New Mexico (NM) is the only state with the capacity to fully monitor cervical cancer screening and human papillomavirus (HPV) prevention using a state-wide woman-based electronic informatics system under mandated reporting. We are uniquely positioned to address gaps in understanding HPV vaccine impact and effectiveness within a mulit-cultural US population suffering many disparities. Our project will accomplish three integrated specific aims required to provide definitive baseline characterizations of the opportunistic cervical cancer screening program in NM.
In Aim 1, we will establish the individual HPV genotype distribution of 37 HPV genotypes needed to appropriately monitor expected or unexpected population-based impact of HPV vaccines. Although we have performed a state-wide sampling of over 60,000 cervical samples targeting all women with abnormal Pap tests and a random sample of women with normal Pap tests, our existing resources were limited to HPV genoytping of 40,000 samples. In this Aim we will achieve the targeted sample size by performing the additional 20,000 HPV genotype assays.We will describe the agespecific population-based genotype distribution and determine the genotype-specific risk for CIN2+ outcomes across the 2 year grant period.
In Aim 2, we will convene a pathology panel to determine consensus diagnoses for ~8,000 cervical biopsies including >CIN/AIS. The consensus diagnoses will be compared to community-based diagnoses determined for the same specimens through use of the NM HPV Pap Registry (NMHPVPR) data warehouse. We will create a gold standard slide set that will enable standardization of future population-based assessments, a prerequisite for determining the real-world impact and effectiveness of HPV vaccination.

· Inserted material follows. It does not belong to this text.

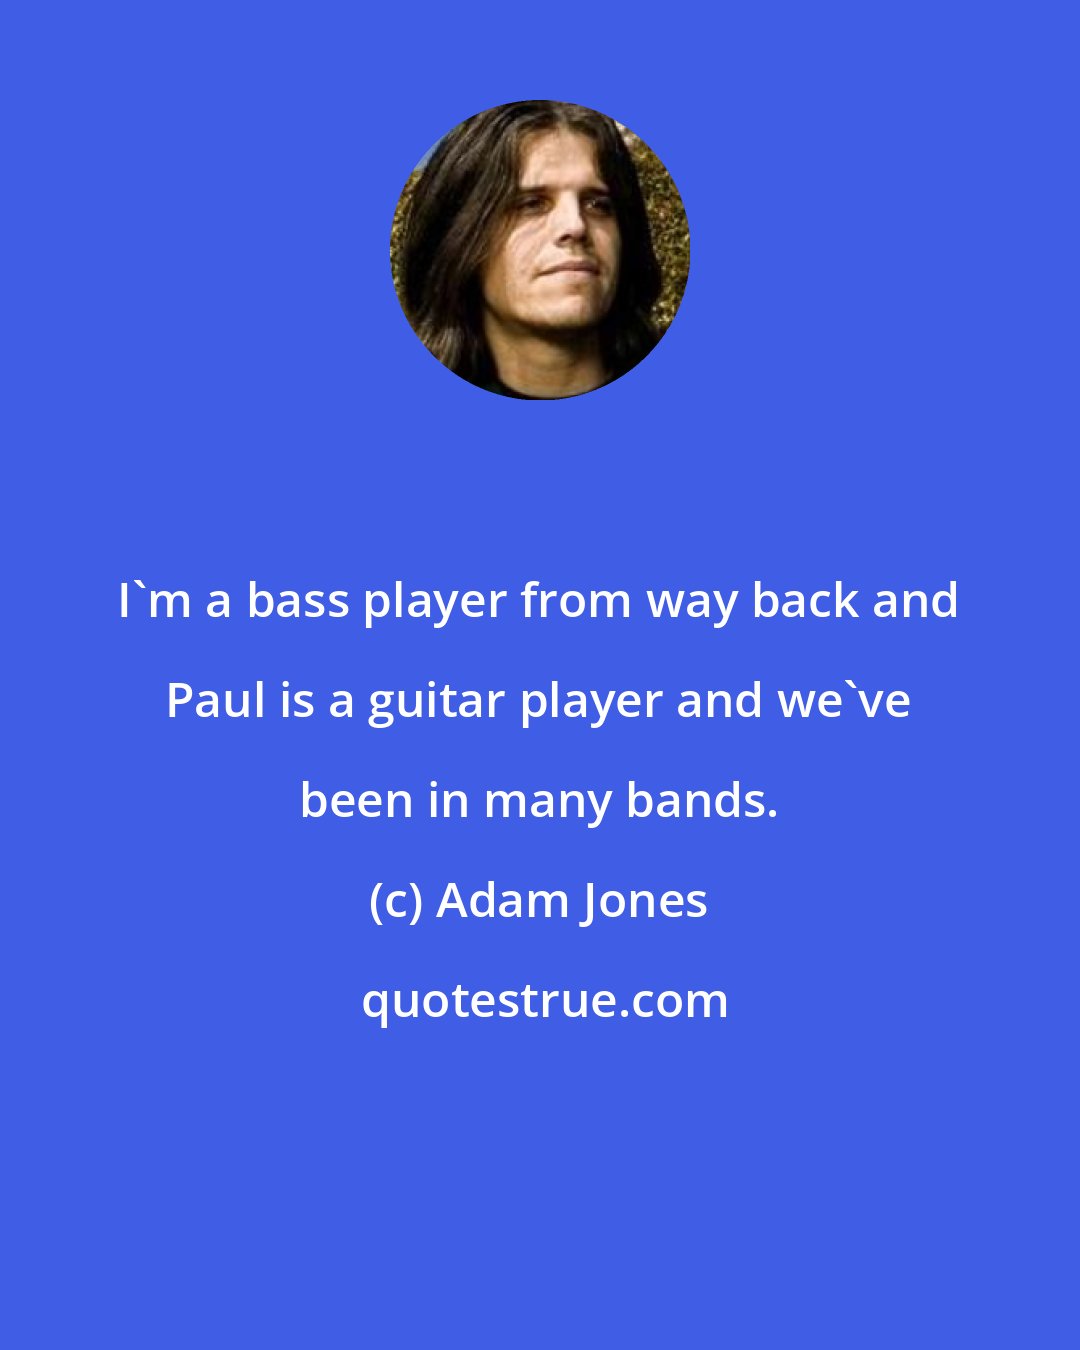 Adam Jones: I'm a bass player from way back and Paul is a guitar player and we've been in many bands.

In Aim 3 we will develop a shared image resource of the cervical biopsy tissues and validate the use of image-based versus glass-based diagnoses. Because the impact of HPV vaccines is expected to increase over time, longitudinal periodic assessments will be expected to span several decades. Image-based diagnostic standards will be critical to future population evaluations.

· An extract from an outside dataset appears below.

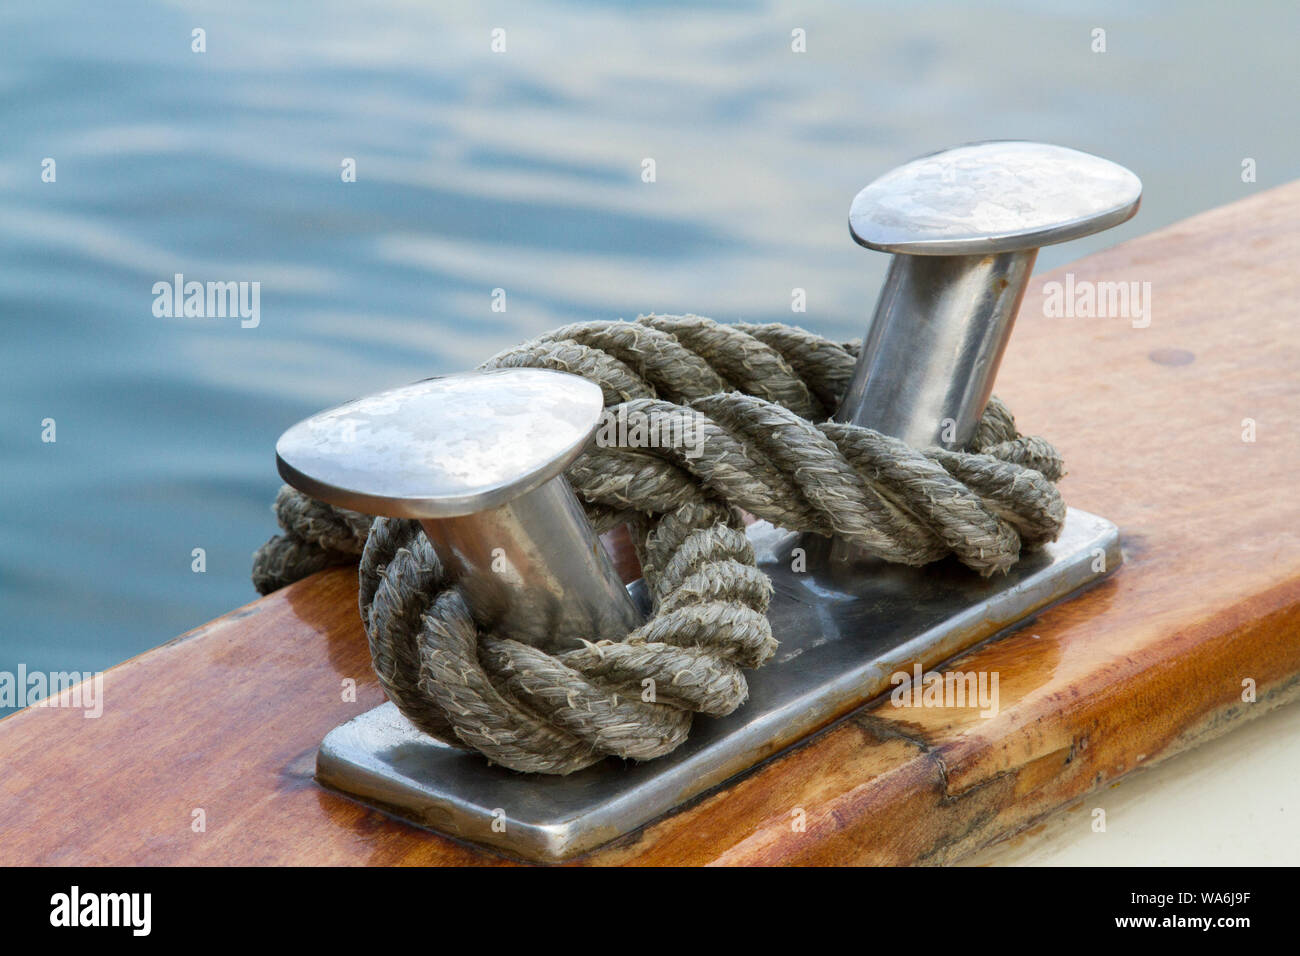 A mooring cleat on a boat, with copy space Stock Photo

In the interest of the health of all women, we will establish the population-basedprevalence of HPV genotypes, HPV-related cervical abnormalities and establish a model of opportunistic cervical cancer screening in the United States. This program is critical to determining the impact and overall benefits and risks associated with HPV vaccines and to the integration of other cervical cancer prevention measures.